SCOPIC provides special conditions for remuneration to a salvor for efforts to prevent or minimise environmental damage in relation to the salvage of a vessel. SCOPIC is not a separate contract, but rather special terms and conditions that may be invoked and applied to a Lloyd’s Open Form (LOF) salvage contract or a similar salvage contract that applies the “no cure, no pay” remuneration principle to the salvage services.2
As the term suggests, the P&I Club will cover SCOPIC compensation.3
A revised edition of Lloyd’s Open Form entered into force as from 1st September 2000.4 In that connection it was found necessary to make certain adjustments to SCOPIC, although the previously agreed two-year test period had not yet been completed. The amendments made at the time have to be characterised as minor only.5
The origin of SCOPIC
The 1989 Salvage Convention introduced for the first time rules intended to create a right to special compensation in respect of salvage efforts that served to prevent or minimise environmental damage.
During the years following the entry into force of the Salvage Convention, several legal disputes arose regarding how to assess special compensation for prevention of environmental damage, and in particular what would represent a reasonable remuneration for equipment and crew employed during the operation. The most comprehensive and cited case in this regard was perhaps Ocean Blessing v. Nagasaki Spirit.6
Life salvage, or the saving of people in similar circumstances, will not be discussed in this article.
See article “Recent developments in salvage” in Gard News issue No. 161.
See for example Rule 42(c) of Gard’s 2004 Statutes and Rules.
See article “Recent developments in salvage” in Gard News issue No. 161.
For further details see Gard’s Member Circular No. 5/2000. Gard’s circulars can be found on www.gard.no under Publications/P&I Circulars.
[1997]1 Lloyd’s Rep. 323.
The parties financially affected by salvage operations (primarily salvors, P&I Clubs, hull insurers and cargo interests) realised the unfortunate effects of time-consuming and highly expensive litigation that could arise out of disputes concerning the application in practice of Article 14 of the Salvage Convention. Moreover, the P&I Clubs were concerned about being exposed to liabilities concerning expenses that they in practice could hardly influence because they were not part of the decision-making process within the salvage operation. Efforts were therefore made to create an alternative and more equitable compensation system. SCOPIC is a result of those efforts.

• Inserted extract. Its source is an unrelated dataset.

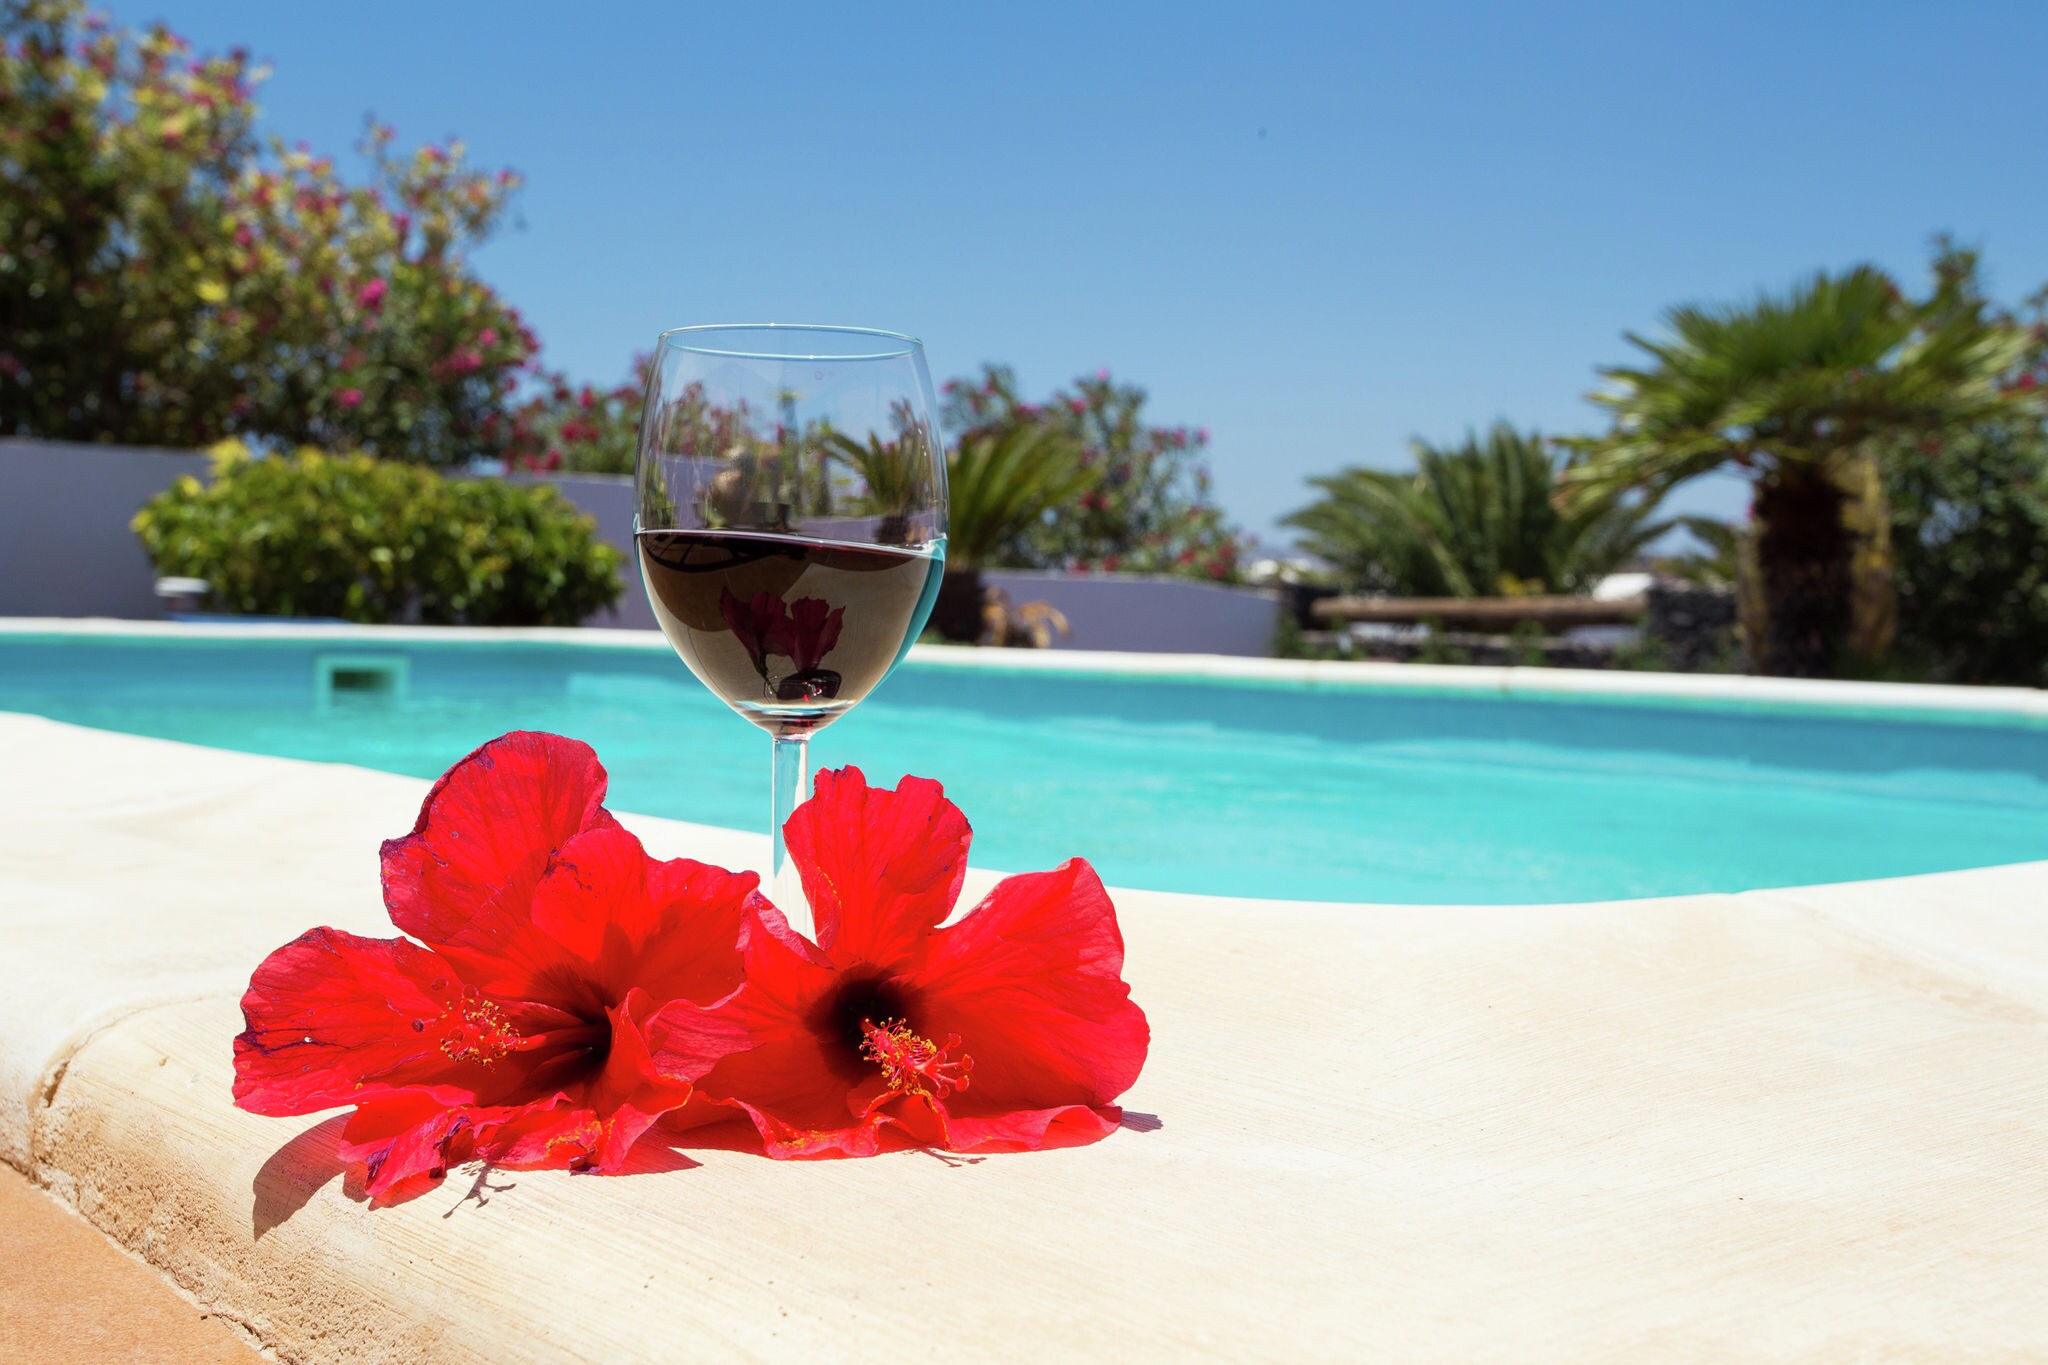 Spacious Villa in Playa Blanca with Swimming Pool

SCOPIC’S main purposes are to:
– Simplify the process of assessing compensation for environmental aspects of marine salvage operations.
– Agree pre-defined standard rates for crew, tugs and other salvage equipment deployed rather than relying on the court’s or arbitration tribunal’s assessment in each case.

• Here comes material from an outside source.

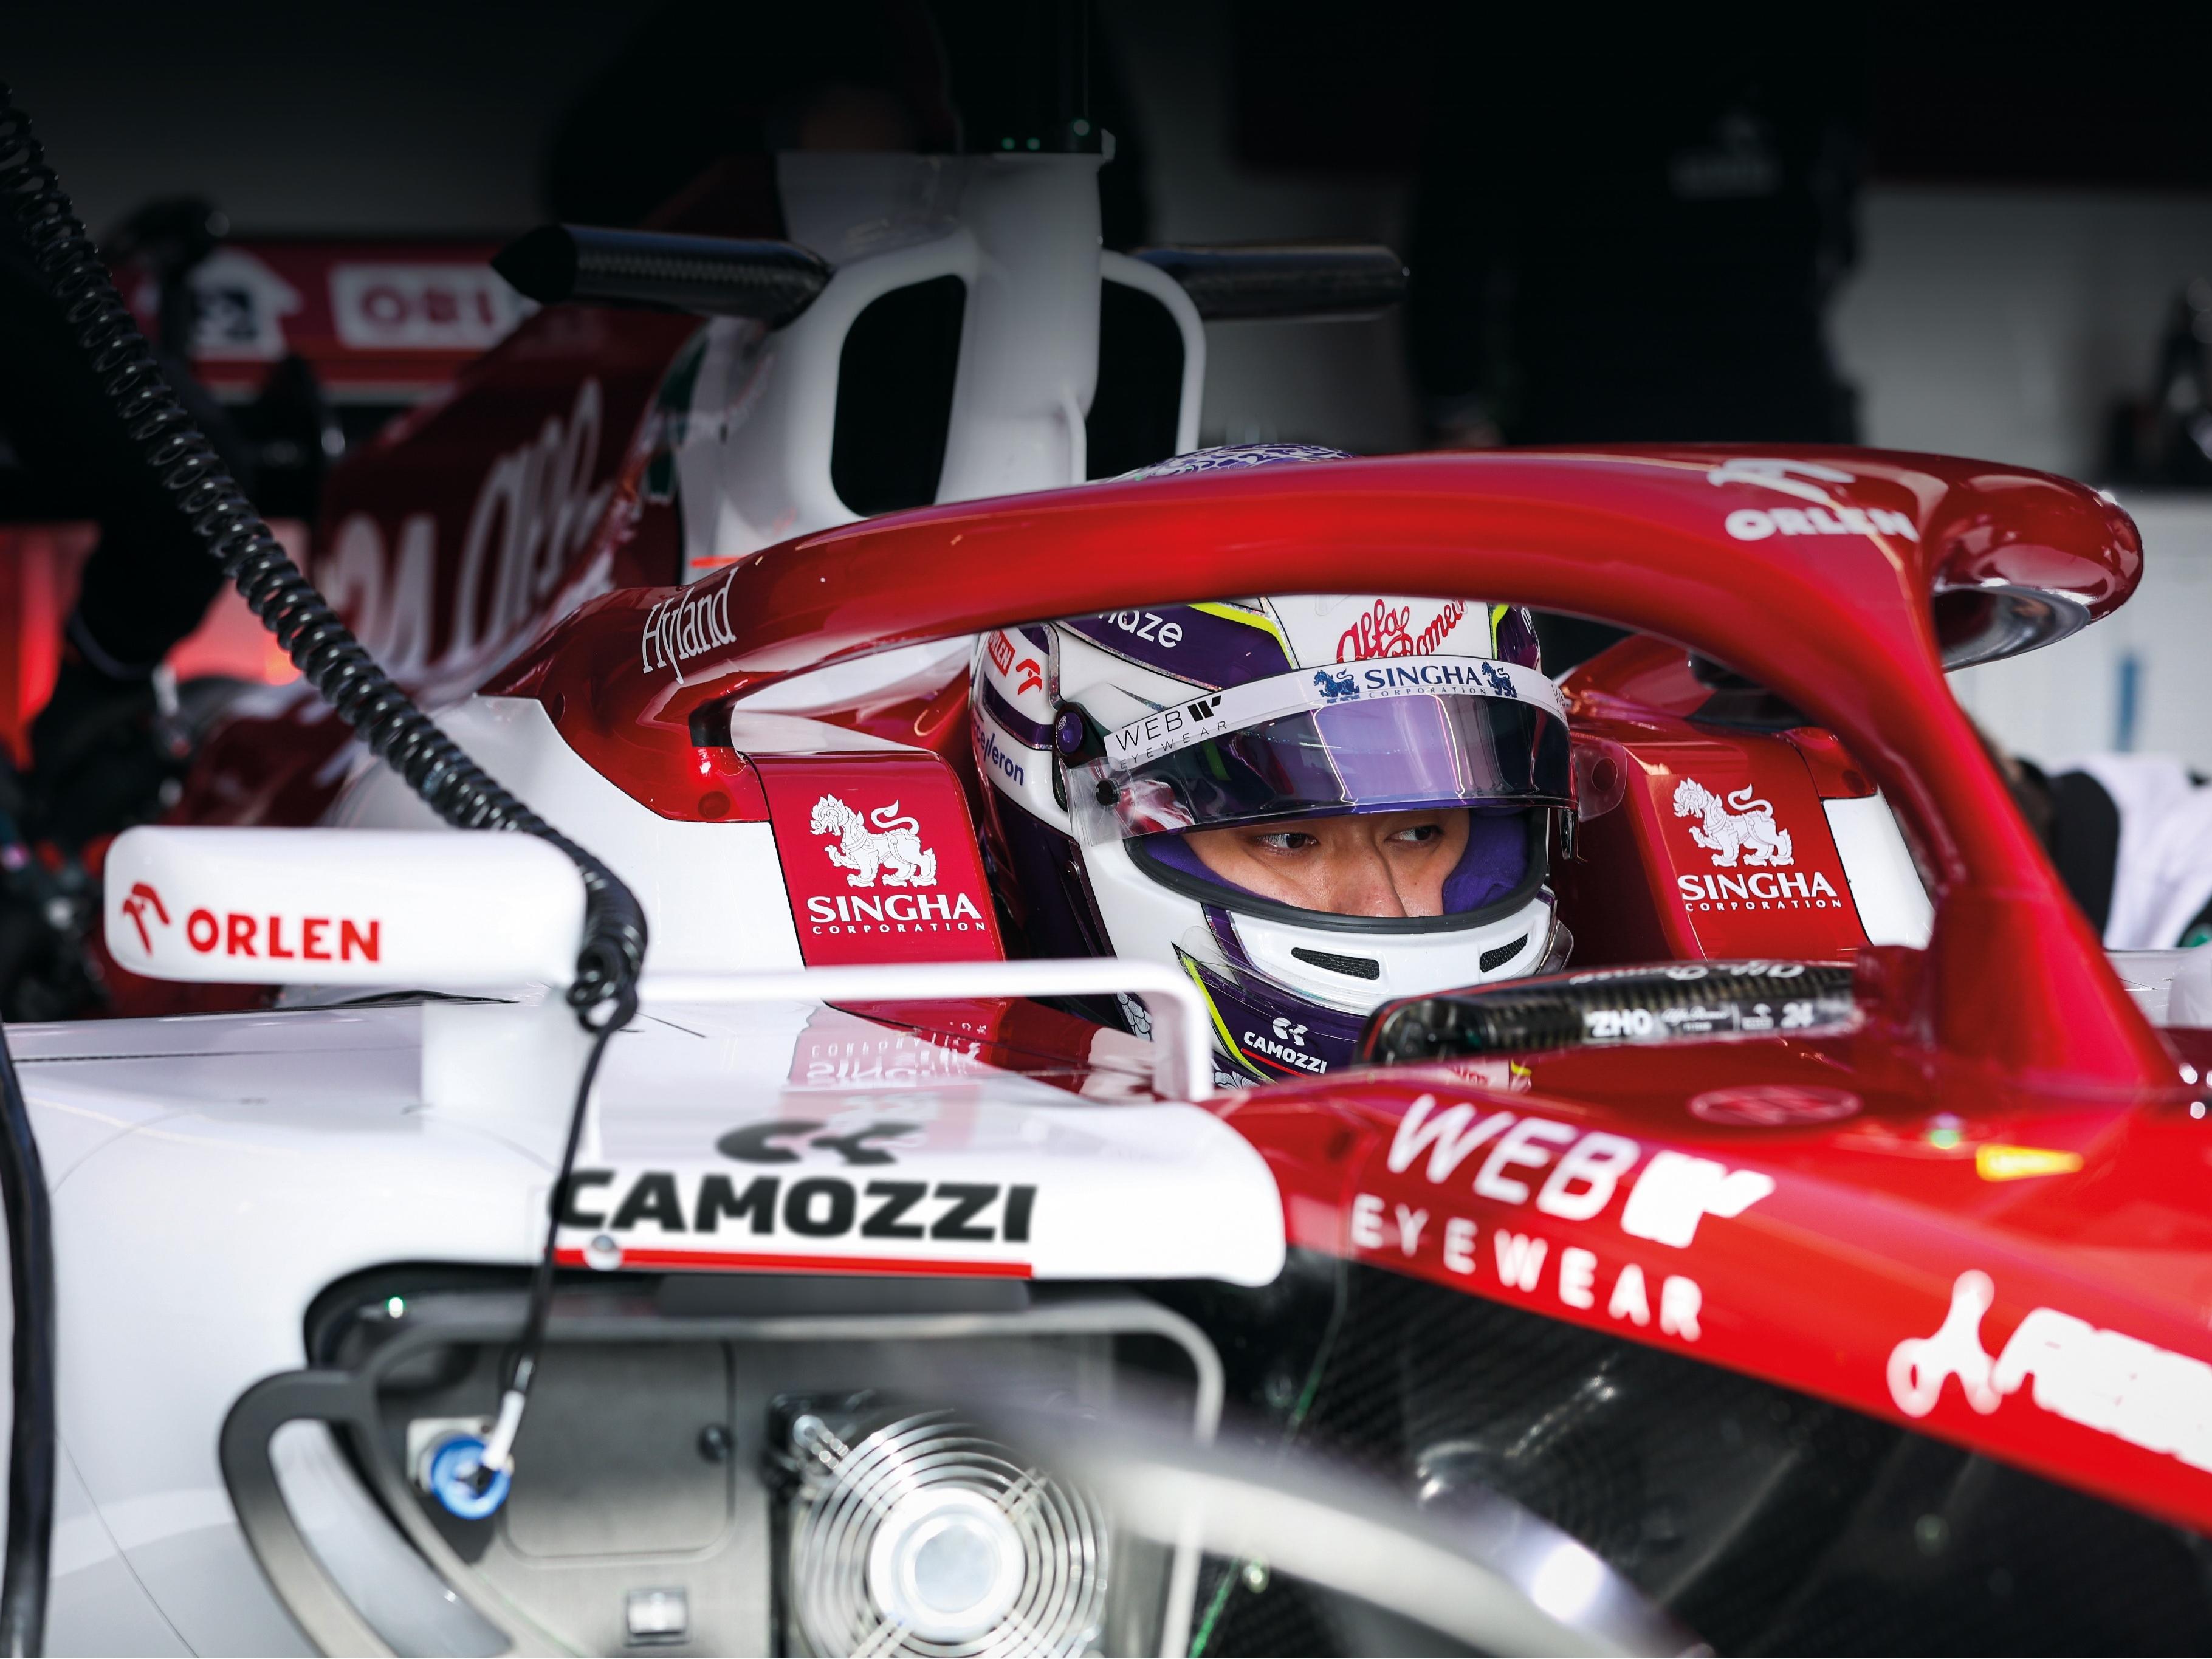 Camozzi and Alfa Romeo F1 Team Orlen hit the track in unison

– Secure the salvor’s claim for compensation through provision of Club guarantees.
– Reduce the litigation risk relating to the assessment of compensation.
When to use SCOPIC?
If the SCOPIC terms form part of the salvage contract agreed (as will be the case with LOF 2000), then it is up to the salvor (unilaterally) whether or not to invoke the SCOPIC terms to the salvage operation. SCOPIC can be invoked at any time during the salvage operation, but it is a requirement that the salvor must do so by way of a written notice to the shipowner. It is not a condition for invoking SCOPIC that there be a threat of environmental damage.
In addition to salvage situations where substantial efforts to prevent or minimise environmental damage are made (and thus high level expenses are incurred by the salvor) and where the potential salved values are low, SCOPIC is sometimes invoked in situations where the salvor is uncertain whether the salvage operation will succeed, and therefore wishes to ensure that he will receive an equitable compensation for his efforts.

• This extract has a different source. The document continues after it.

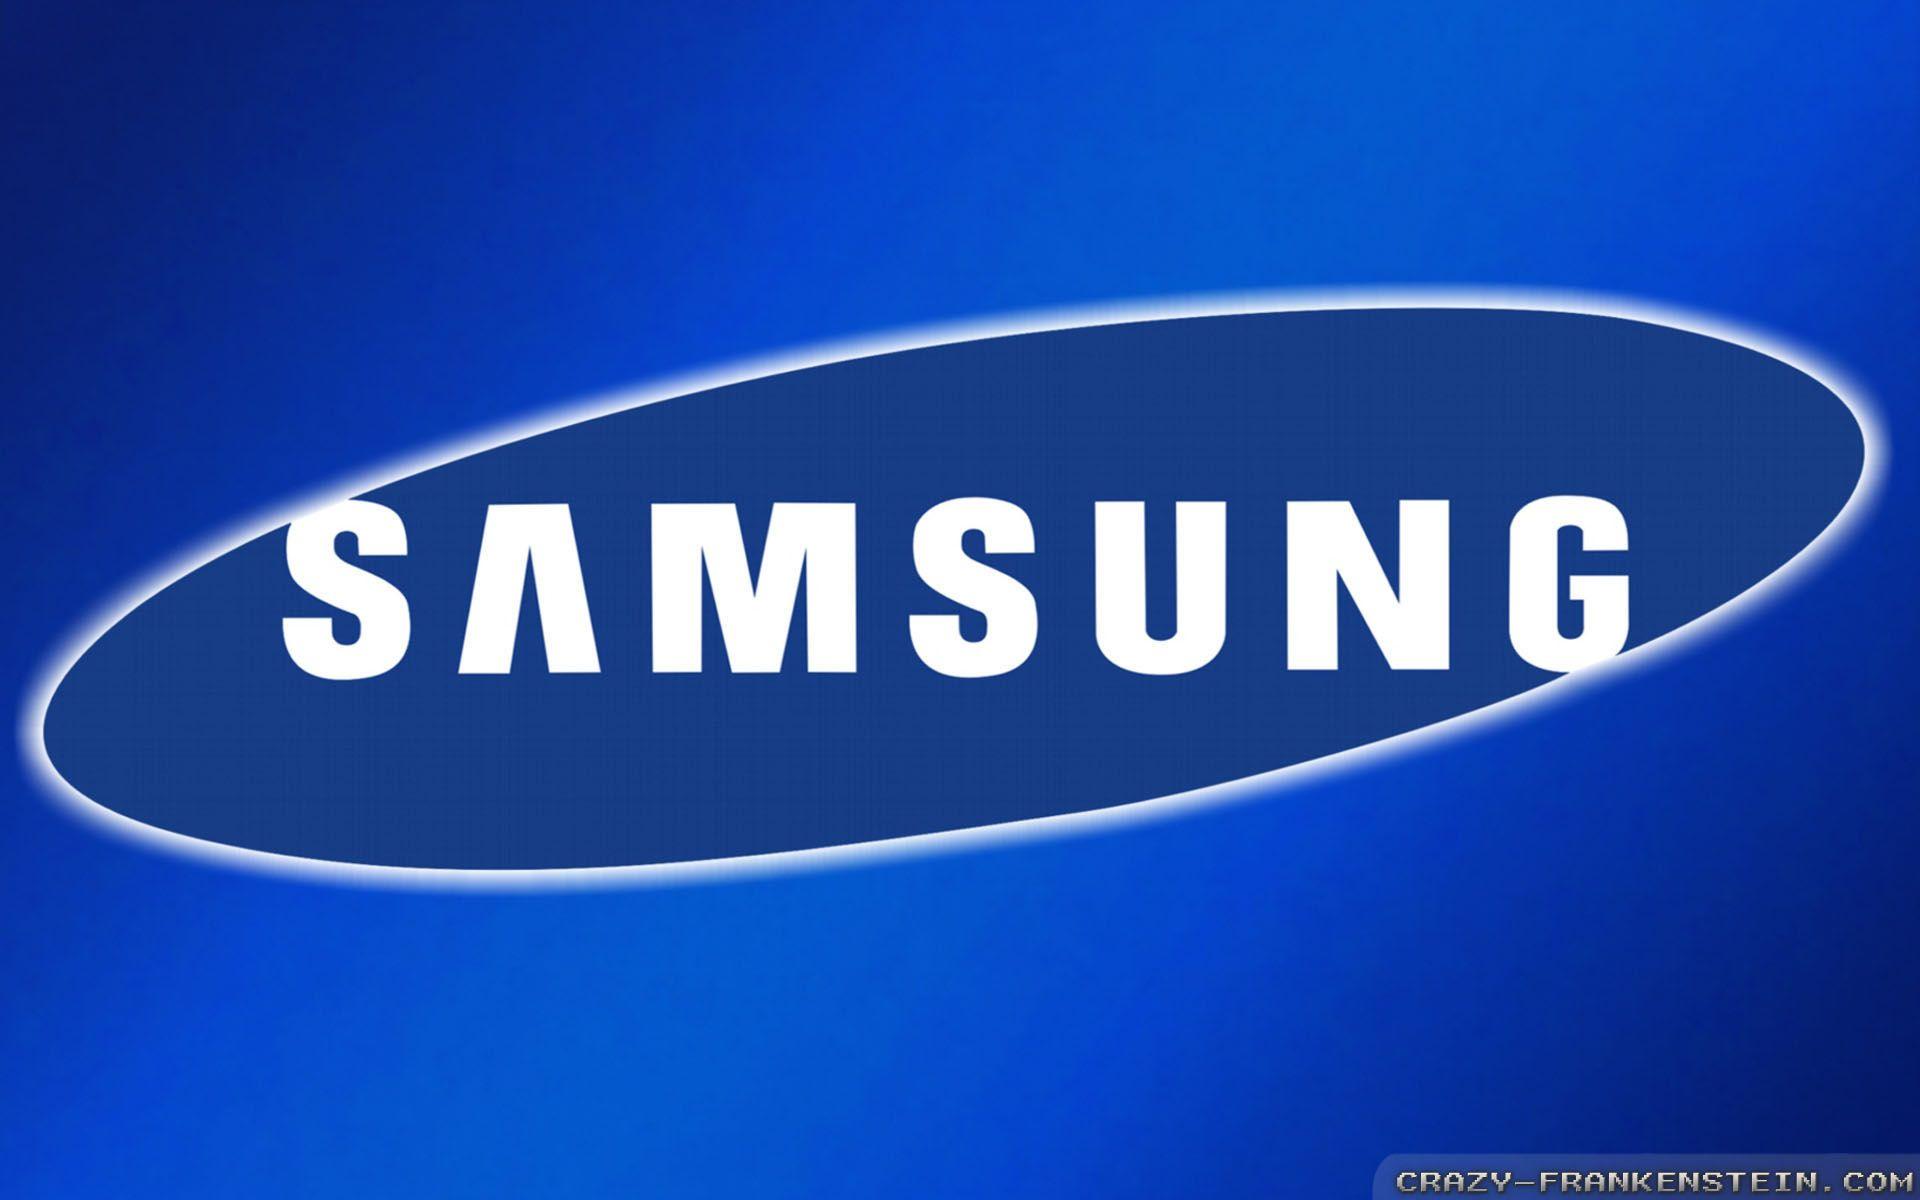 Samsuung Logo - Samsung Logo Wallpapers - Wallpaper Cave

Immediate legal effects of invoking SCOPIC
When the salvor invokes SCOPIC, he will be entitled to claim special compensation as per the SCOPIC terms. However, at the same time, the salvor has then made his choice of compensation scheme and thus can not claim special compensation in accordance with Article 14 of the Salvage Convention.
If the salvor chooses not to invoke SCOPIC, this will not automatically cause him to be entitled to special compensation according to Article 14 of the Salvage Convention. In fact, if salvage services are offered on the basis of a salvage contract that includes SCOPIC, the salvor can not claim Article 14 compensation.
When the shipowner receives written notice from the salvor that SCOPIC has been invoked, the shipowner is obliged to provide adequate security (bank guarantee or Letter of Undertaking from the P&I underwriter) for future SCOPIC compensation to the salvor within two working days. The security amount shall be USD 3 million inclusive of interest and costs.
If the shipowner does not provide such security, the salvor will be entitled – after giving written notice to the shipowner – to completely abandon the SCOPIC conditions, and to claim special compensation in accordance with Article 14 of the Salvage Convention. However, it is a condition that the shipowner has not provided adequate security by the time the salvor provides such written notice.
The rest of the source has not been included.